Avonlea also loves to go places and do things by herself. She doesn't like to hold my hand--she likes to walk around by herself and explore things on her own. Today that meant finding her several steps into the kitchen in the Asian restaurant we were in. Thankfully the staff thought it was funny instead of annoying, but I have to keep a closer eye on her now.


She also likes to eat by herself. If I put any food in her mouth, even if it's something she likes, she will spit it into her hand and then put it into her mouth herself. She also takes spoons away from me to put things into her mouth herself. Basically I have to make sure that whatever is in the spoon won't fall out--I really only do avocado--otherwise I spear things with forks for her or mash them into a pouch or let her pick them up with her hands.

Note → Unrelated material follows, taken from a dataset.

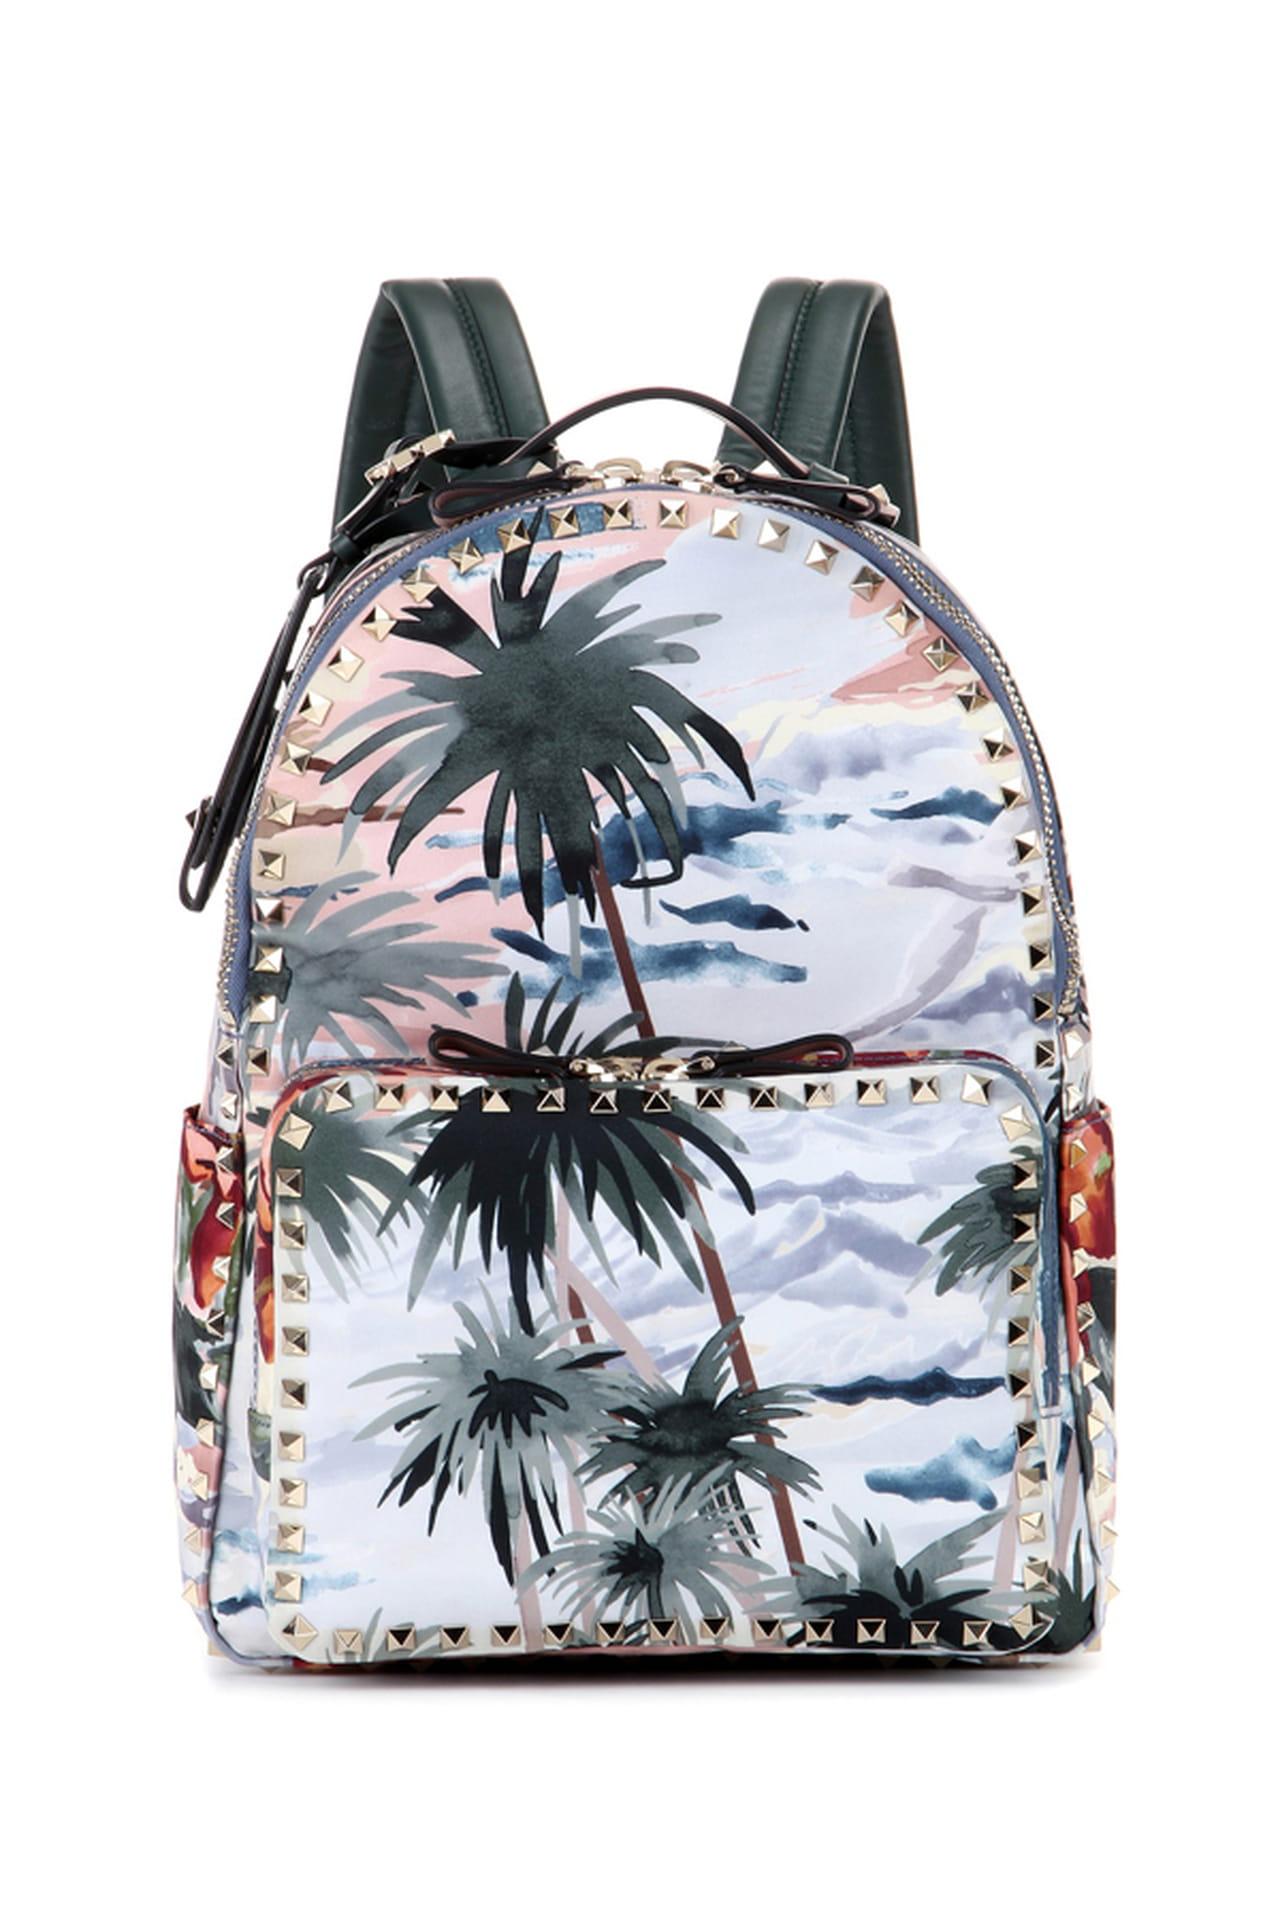 شنط الـ Backpack موضة الصيف 1199111.jpg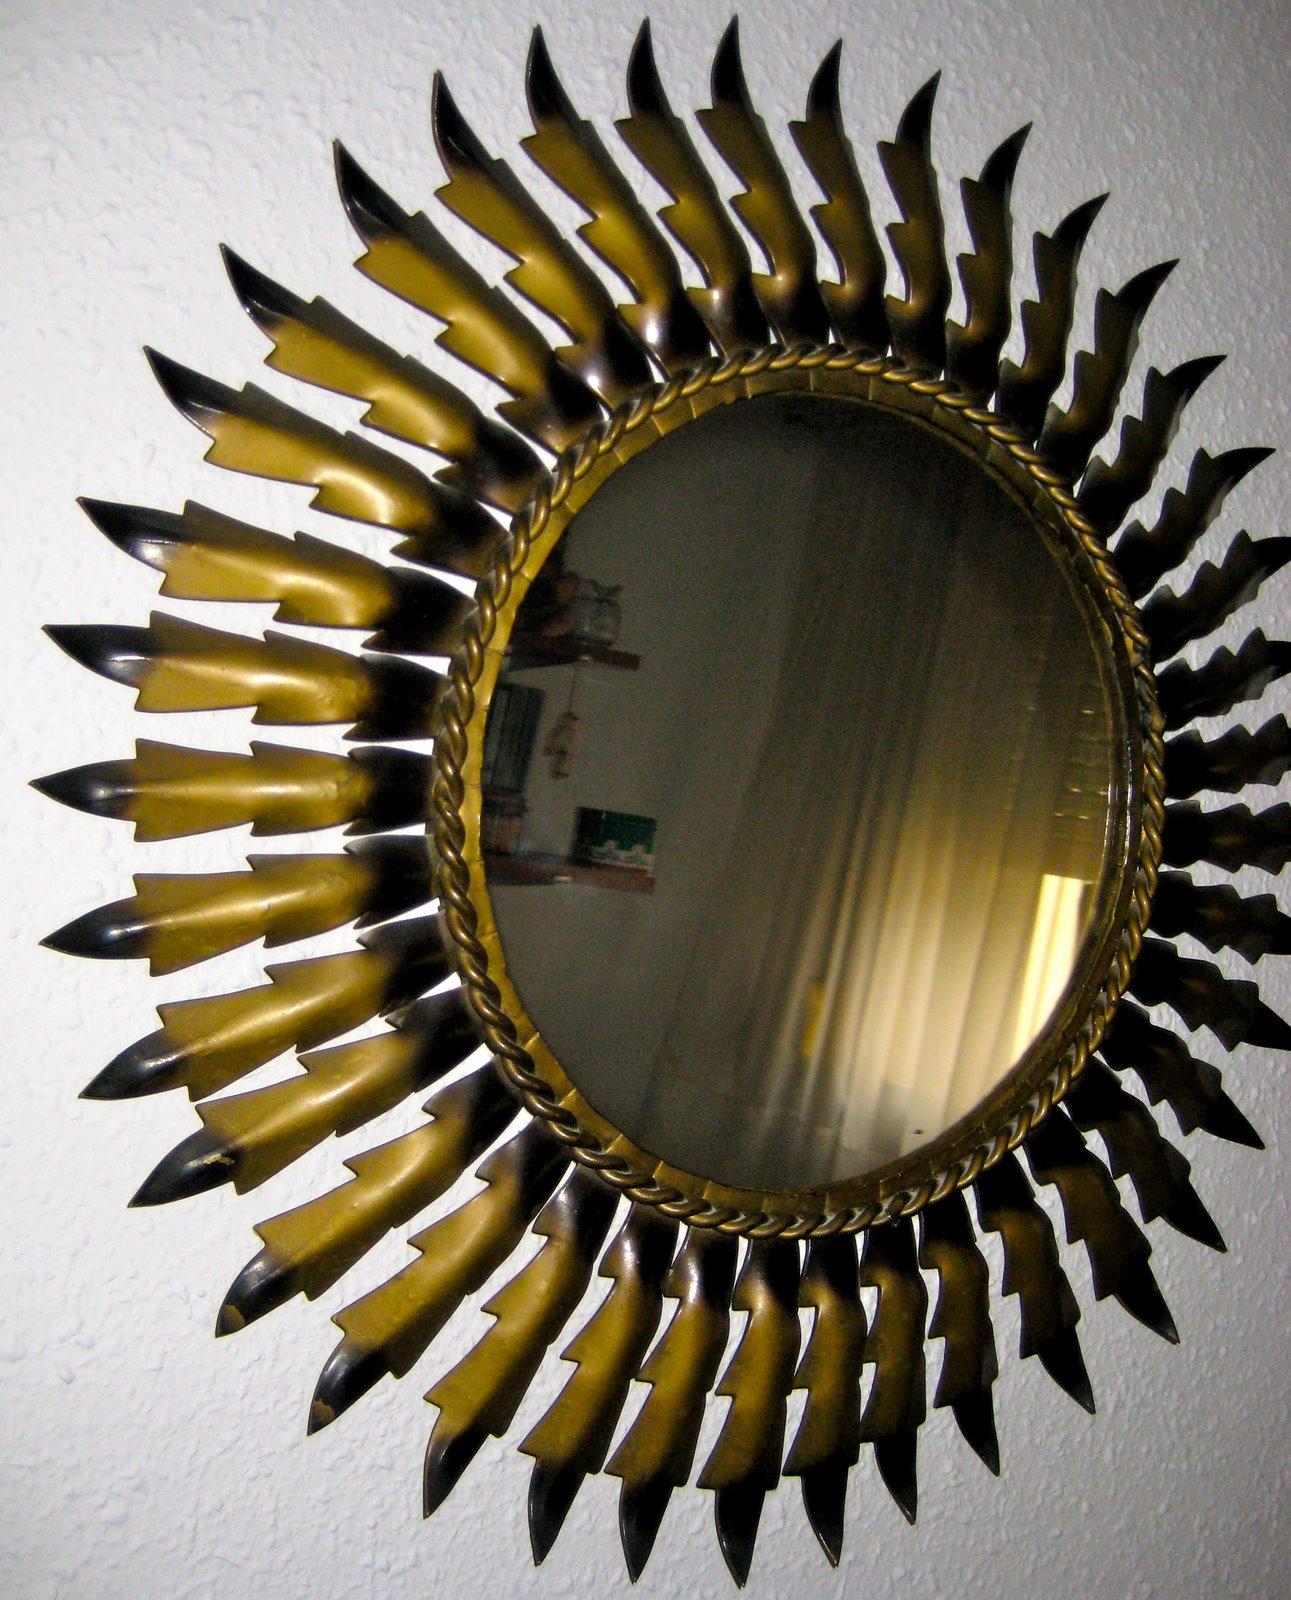 Espejo vintage con forma de sol v e n d i d o - Espejos con forma de sol ...

She's becoming crazy-obsessed with her stuffed Boo. She already loved Boo--but now, she wants to carry Boo wherever we go, and she is always asking for him. I think I'm going to have to put the kabosh on that--Boo is already a little worse for wear, and he hasn't left her bedroom (except when we traveled to Ohio).


She's also better at playing with her friends. I noticed her sharing with her friend Ava today, and while I know that won't always be the case, it was nice to see her interacting with kids around her own age, since she's been mostly ignoring them up until now.

She is starting to recognize humor. She laughs at videos of herself doing funny things, and at puppets doing silly dances. She also does things to make us laugh. She blows these amazing raspberries that always make us giggle.



I also love watching her figure things out. We have a shape sorter, and she'll try the shapes out in the different openings, trying to see which one it will go in. She'll manipulate the piece in multiple angles now, instead of just trying to force it in a certain hole without moving it around.

Easter was a great example of her burgeoning cognitive abilities. She totally "got" the Easter egg hunt idea!


I love watching her grow. It's to the point now where pictures don't do her justice. My memory card on my phone is filling up much quicker now, because I'm taking videos all the time!